▸ **Data section**:
== == ==
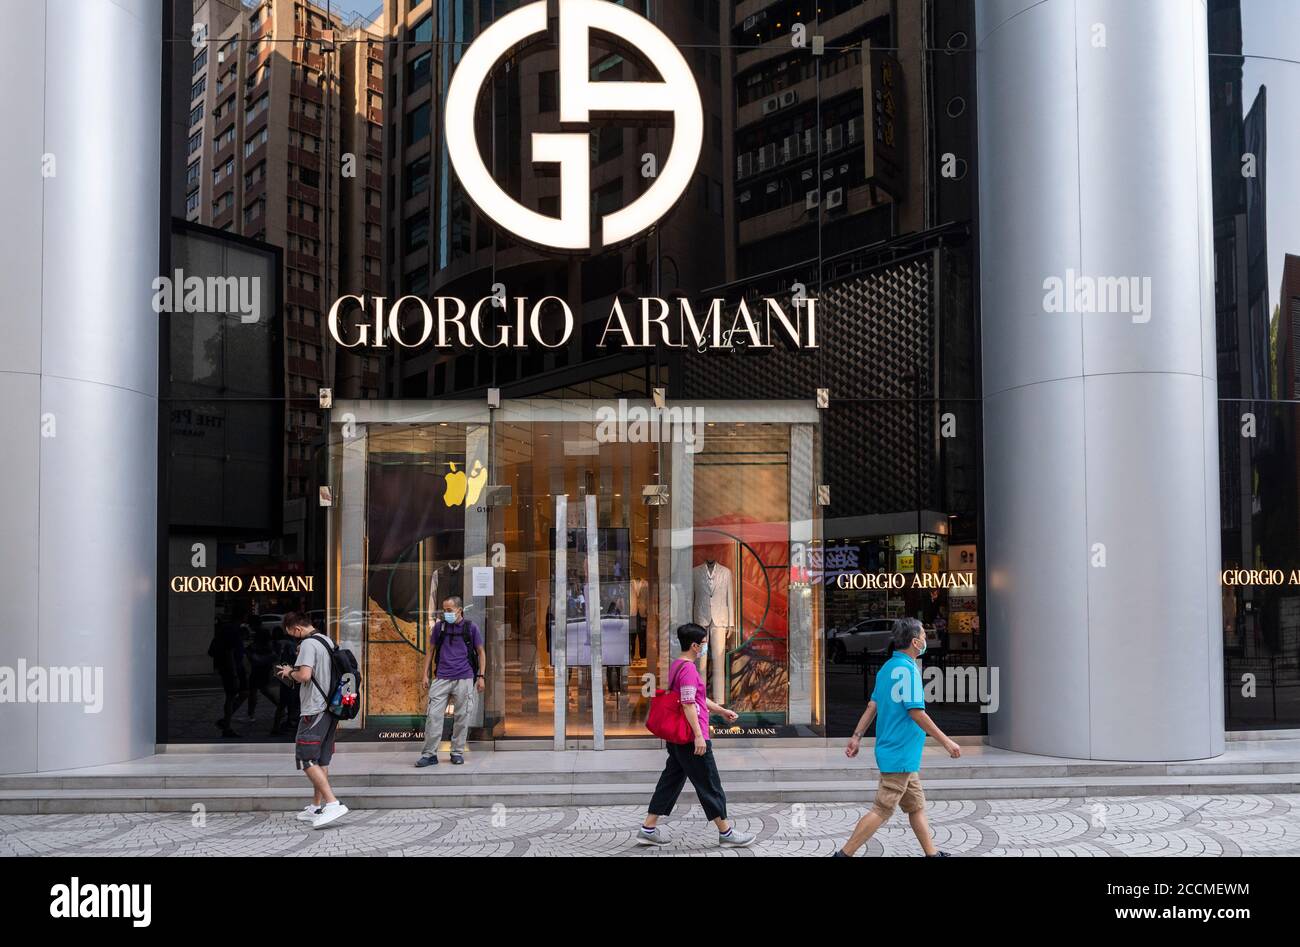 Tsim Sha Tsui, Hong Kong, China - April 09, 2019: Giorgio Armani Store Seen  In Tsim Sha Tsui Hong Kong Stock Photo, Picture and Royalty Free Image.  Image 123264094.
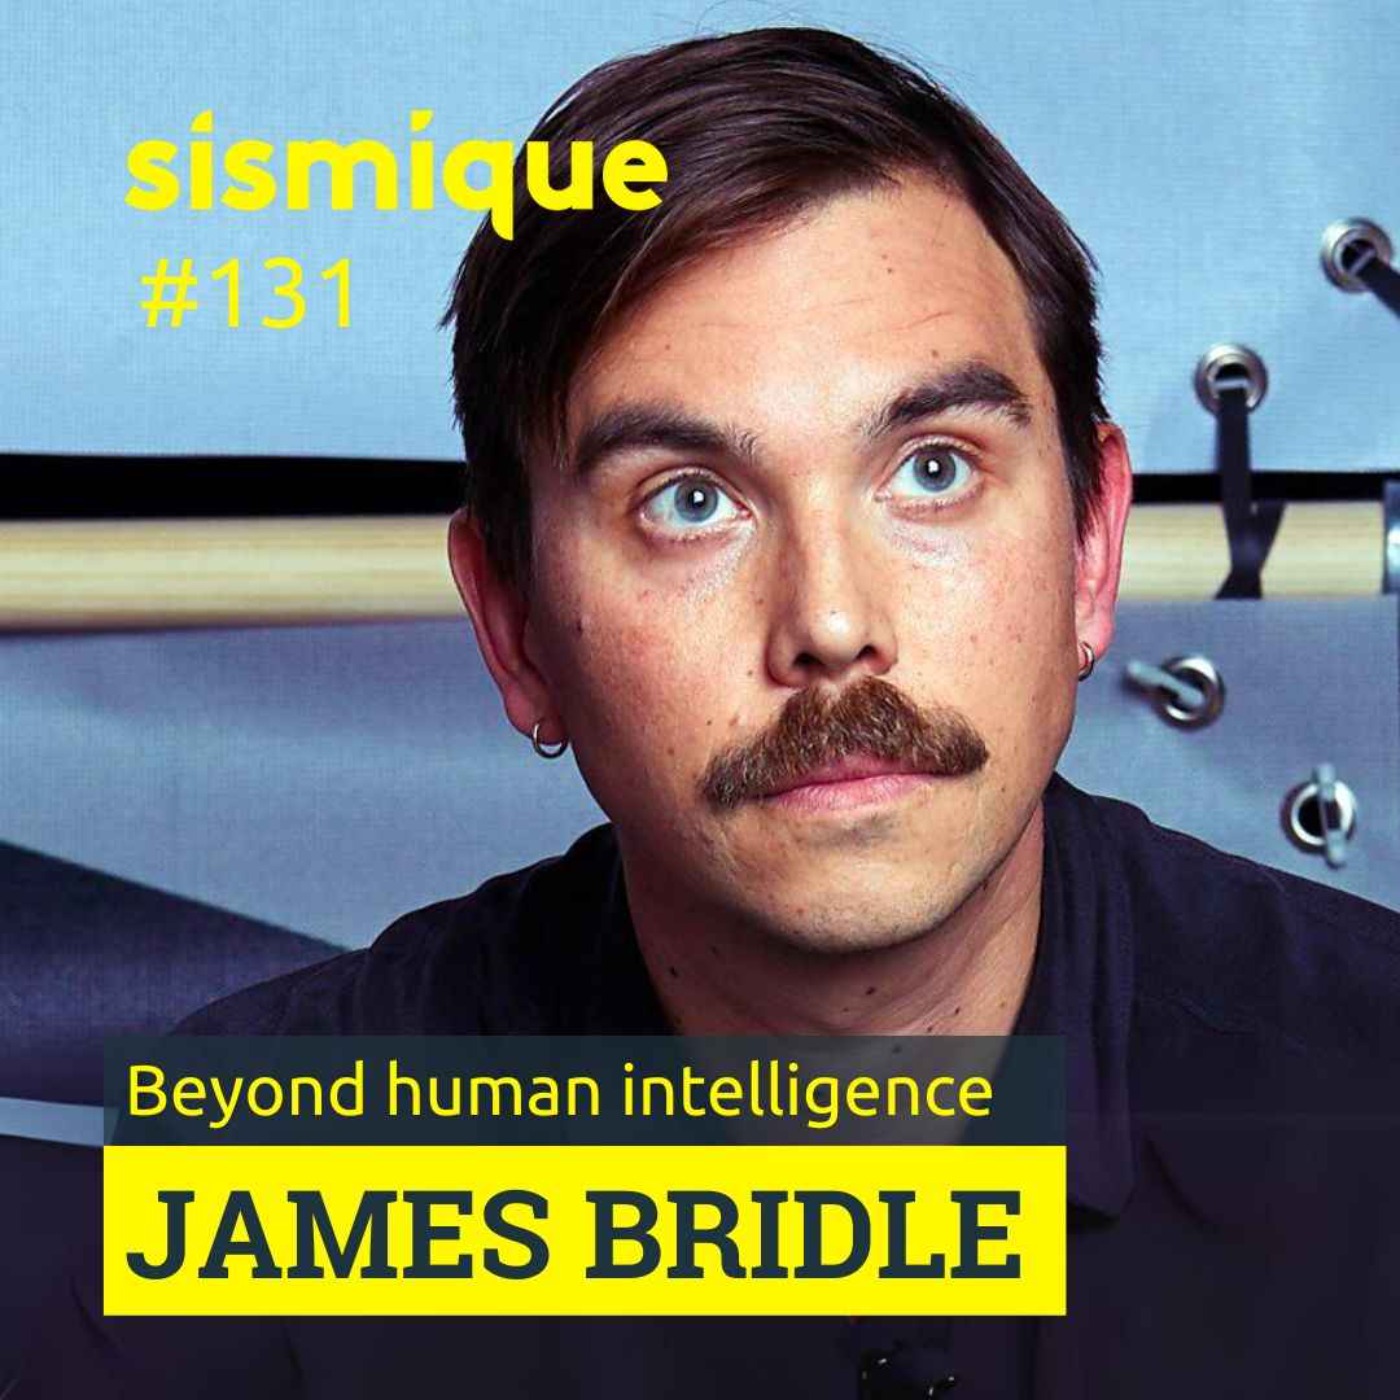 131. 🇬🇧 Au-delà de l'intelligence humaine - JAMES BRIDLE
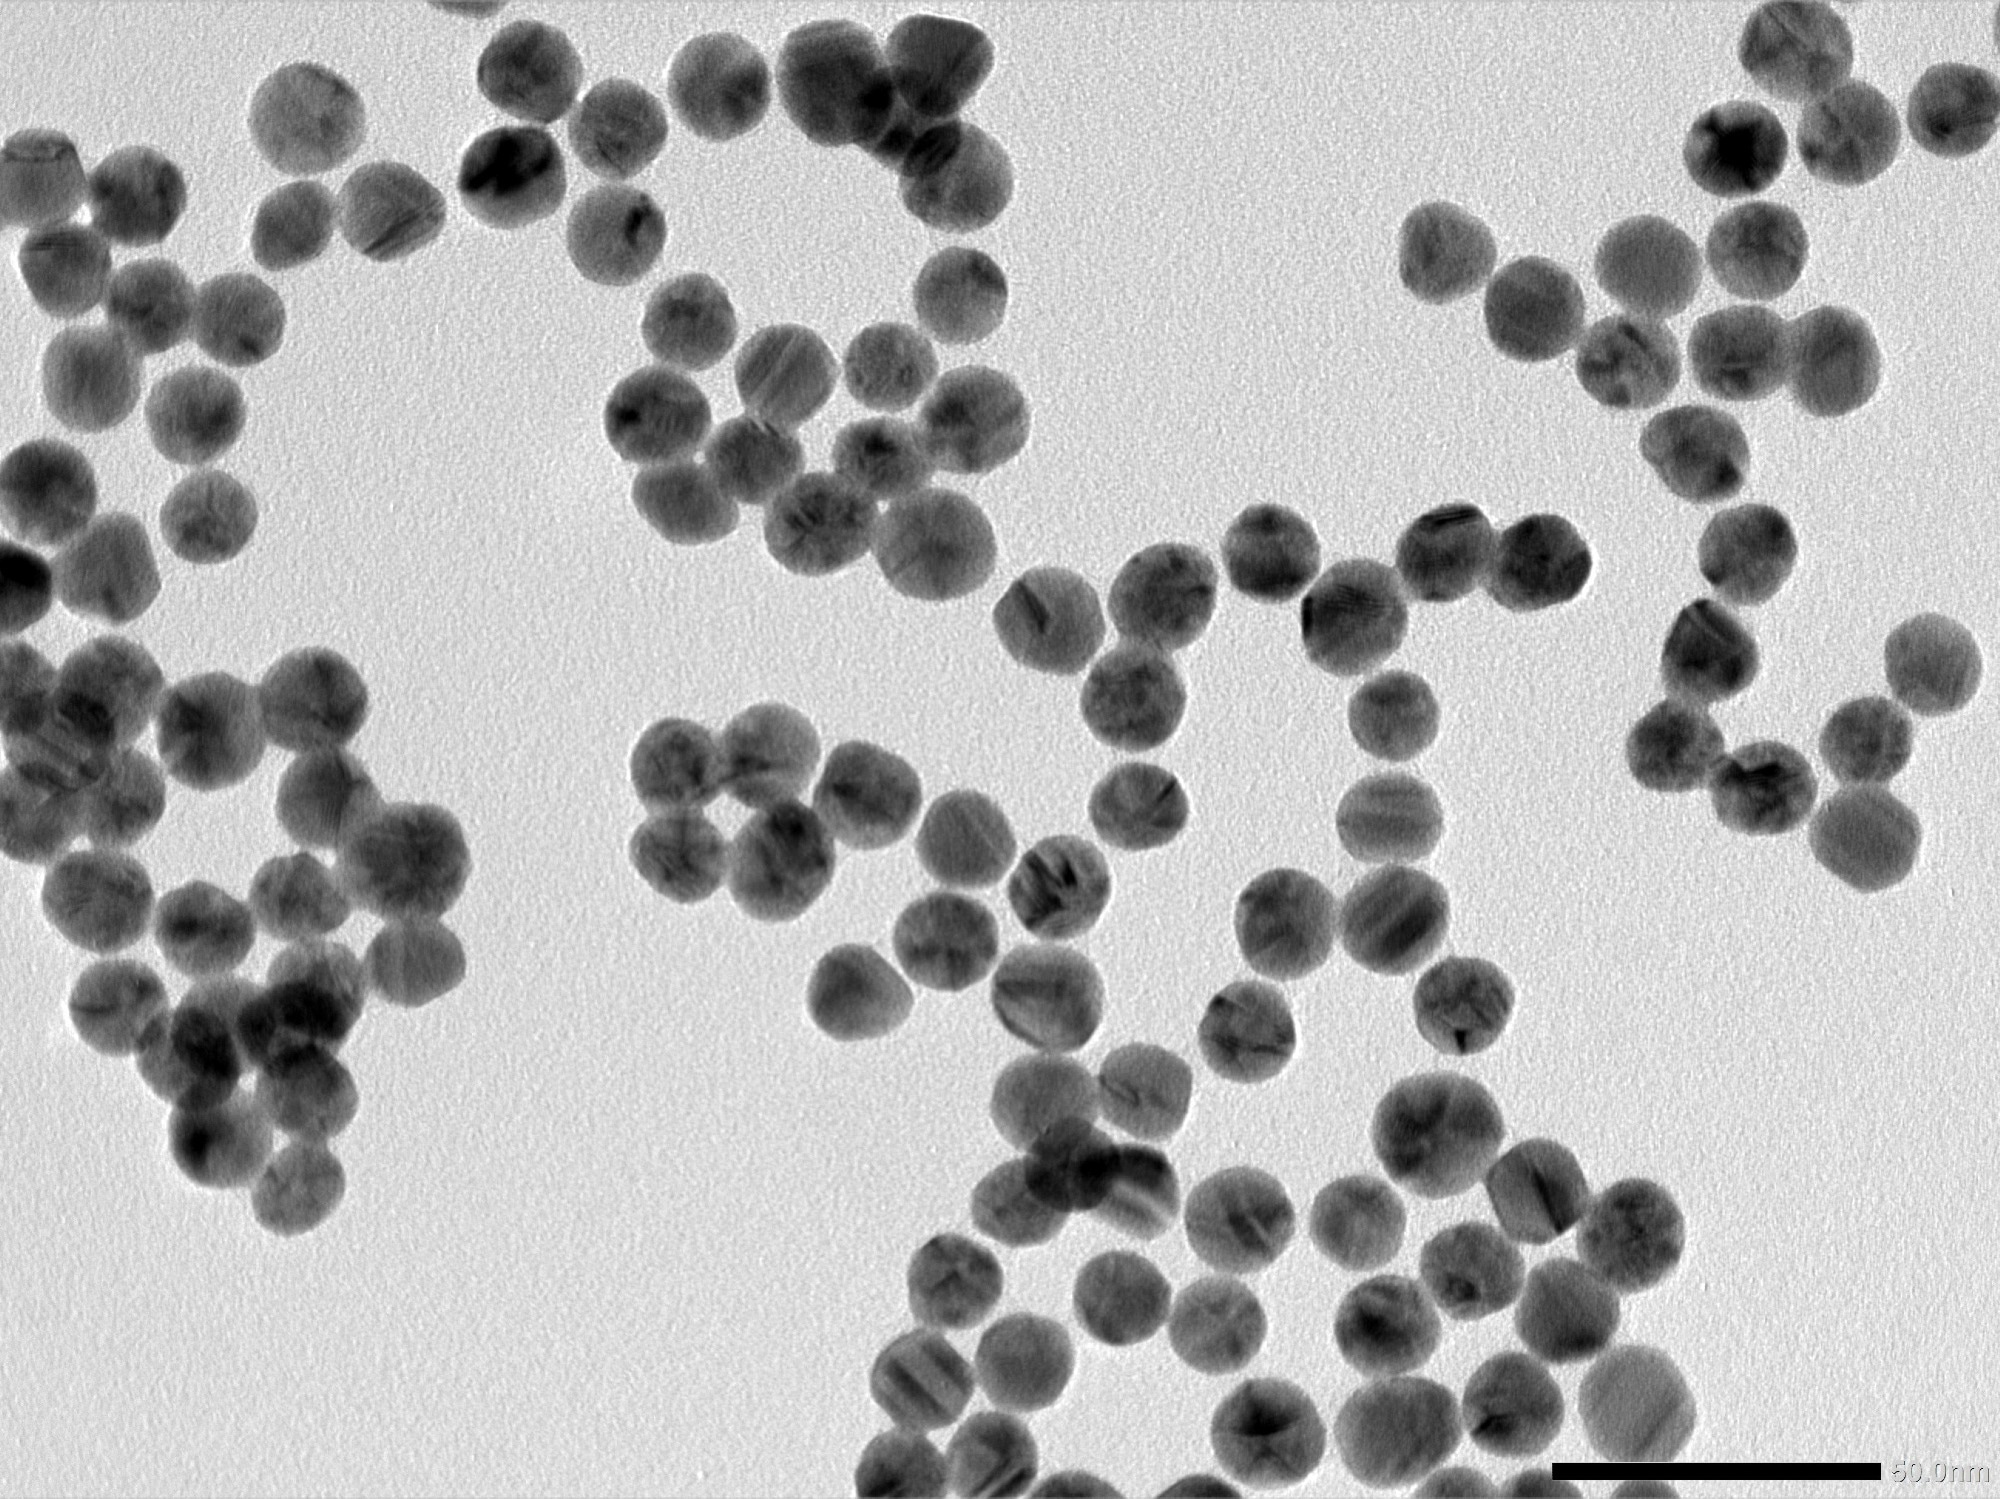 Étude : Nanoparticules et autres nanostructures et contrôle des agents pathogènes : du laboratoire aux vaccins. Crédit d'image : nararat yong / Shutterstock.com
== == ==
▸ **About this exercise**: Return all the material exactly, pictures excluded.

▸ **Response**:
 Tsim Sha Tsui, Hong Kong, China - April 09, 2019: Giorgio Armani Store Seen  In Tsim Sha Tsui Hong Kong Stock Photo, Picture and Royalty Free Image.  Image 123264094.
 131. 🇬🇧 Au-delà de l'intelligence humaine - JAMES BRIDLE
 Étude : Nanoparticules et autres nanostructures et contrôle des agents pathogènes : du laboratoire aux vaccins. Crédit d'image : nararat yong / Shutterstock.com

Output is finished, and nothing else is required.